"Pássaros da costa leste encontram pássaros do
meio-oeste", diz a descrição da Mahakala Music para o lançamento mais
recente do saxofonista Dave Sewelson. O próprio Sewelson é um fenômeno das duas
costas: nascido em Oakland, e depois migrando para a cena de Nova York por
volta de 1977. Assim como seu frequente colaborador e líder de banda, William
Parker, ele atua como um centro magnético que atrai uma variedade de artistas
locais e internacionais. A formação do “Murmuration” é composta por outra
nova-iorquina, a violinista Gabby Fluke-Mogul, e três músicos de Minneapolis: o
baixista Anthony Cox, o baterista Steve Hirsh e o saxofonista alto George
Cartwright. O álbum reflete essa diversidade geográfica, mas não da maneira que
um ouvinte poderia esperar. A técnica de Sewelson não busca a unidade de muitas
partes voando como uma só, mas sim uma saraivada abrasiva e excitada, como um
bando de pássaros disputando uma presa fresca.

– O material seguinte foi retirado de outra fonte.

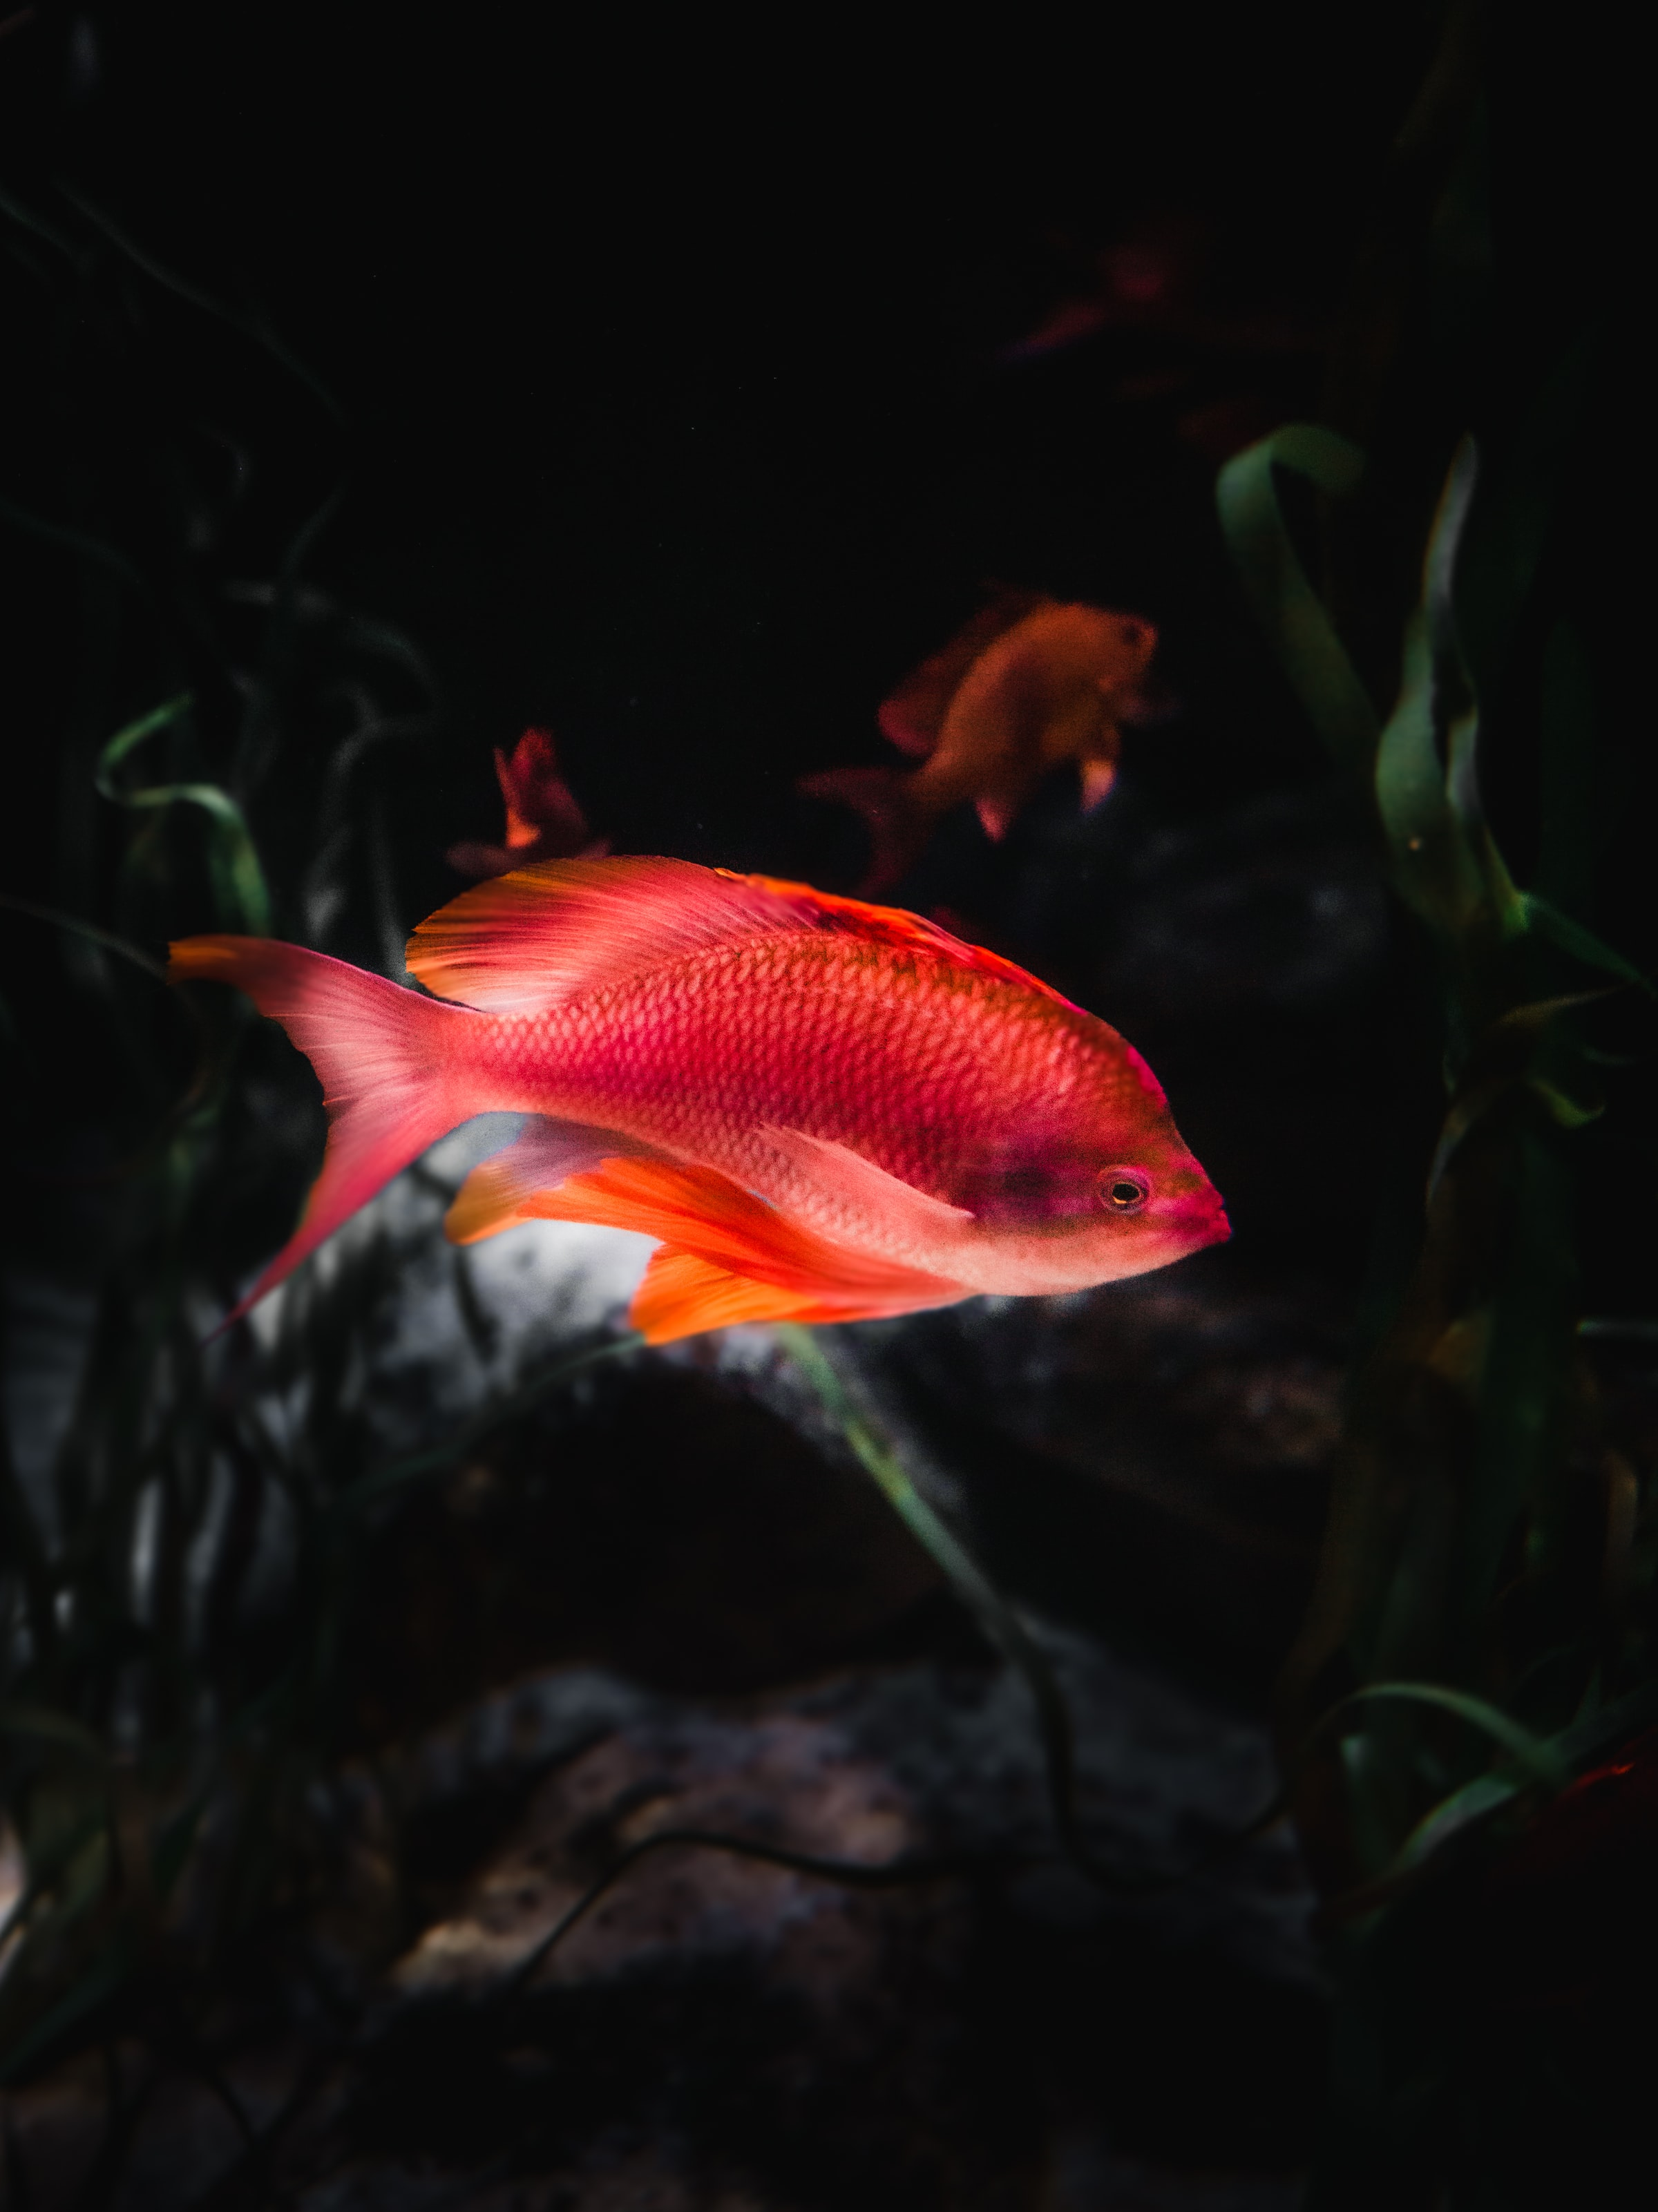 119979 Screensavers and Wallpapers Aquarium for phone. Download Animals, Water, Coral, Aquarium, Fish, Underwater, Submarine pictures for free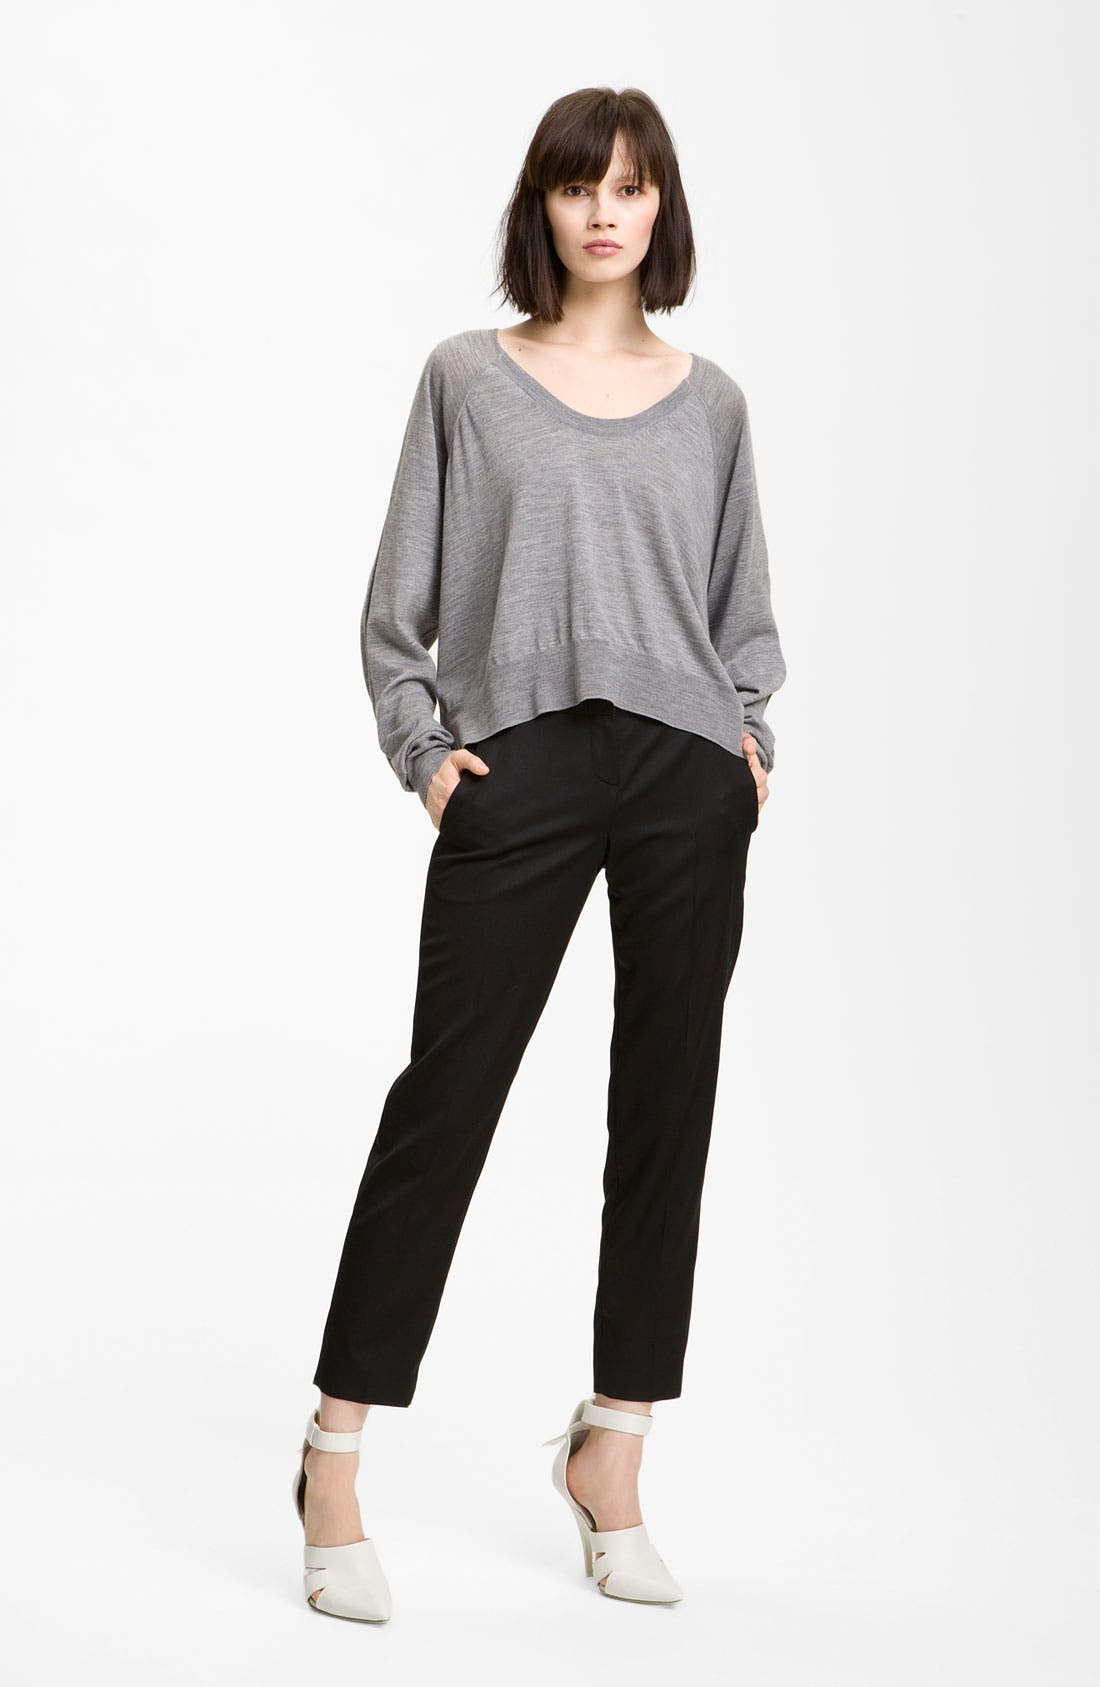 Main Image - Alexander Wang Crop Merino Wool Top

Existem diversas abordagens ao free jazz que acentuam uma
espécie de desordem geométrica, não apenas arrítmica, mas ativamente
desorientadora para a percepção espacial do ouvinte. Muito poucos, pelo menos
em 2025, são tão livres no sentido individual quanto Sewelson. A primeira
faixa, "Thieving Magpies", começa com um solo de Cox, que consiste
principalmente em dedilhados esporádicos, gritos agudos e grasnidos,
presumivelmente deixando para os outros músicos a tarefa de preencher
gradualmente o som. Em vez disso, a maioria parece se ater às margens, mas
Fluke-Mogul talvez aprofunde a reflexão de Cox com um trabalho de arco
magistral, mas de forma quase enganosa, à medida que curvas acentuadas a
conduzem a uma trajetória única. Hirsh também desestabiliza sua execução com
interrupções, enquanto o canto arrebatador de Sewelson desestabiliza o que já é
uma formação entrópica.
As seis primeiras faixas sustentam e complexificam a estranha dança sinuosa do disco, principalmente em rajadas de dois a cinco minutos. Os grasnidos e gorjeios de Cartwright e Sewelson dramatizam e suavizam a cena. Mais do que a liberdade indescritível do céu, os ouvintes são lançados em uma caverna noturna, completamente escura, onde sussurros laboriosos e rugidos graves assombram cada movimento, e a ecolocalização continua a falhar. É difícil justificar tamanha ferocidade indescritível para o público, ainda mais quando ela compõe dois terços do álbum. Mas aqueles que perseverarem, que se permitirem a sua insatisfação, descobrirão que seus ouvidos estão notavelmente sintonizados com as experiências sonoras, especialmente as de Cox e Fluke-Mogul, preparando-se, de certa forma, para as três peças finais. A faixa-título não só entrega a energia instrumental prometida ao longo da obra, como também nos permite prestar muita atenção aos detalhes, mesmo nas margens mais sutis. Sewelson e Cartwright estão prontos para se soltar e fazer vibrar os rangidos leves da seção de cordas. Hirsh balança e salta ao ritmo dos arrulhos de Cartwright e, pela primeira vez, começamos a ouvir uma "imagem" coerente se formando. A faixa de encerramento, "Peripheral Wonder", tem o efeito de levantar a cortina, finalmente lançando luz nos recessos escuros da caverna, com os dedilhados de Cox como as cristas de estalagmites afiadas pairando acima. Sewelson, tanto como líder quanto como intérprete, sempre se esforça para reconfigurar a liberdade na improvisação livre. No caso de “Murmuration”, trata-se da liberdade de ocultar, frustrar e desorientar, e, finalmente, revelar. Embora o disco seja uma das experiências mais exigentes do free jazz moderno, ele se torna ainda mais gratificante para o ouvinte paciente. “Murmuration” proporciona um prazer raro na era moderna: uma paisagem sonora genuinamente misteriosa, sem categoria, em constante transformação como o vento.
Faixas: Thieving
Magpies; Blackout; Mississippi Flyway; Out Of Here; Oceanic Blues; Dream State;
Murmuration; Warbling Universes; Peripheral Wonder.
Músicos:
Dave Sewelson (saxofone barítono); George Cartwright (saxofone,guitarra); Gabby
Fluke-Mogul (violino); Steve Hirsh (bateria); Anthony Cox (baixo acústico);
Fonte: Fran
Kursztejn (AllAboutJazz)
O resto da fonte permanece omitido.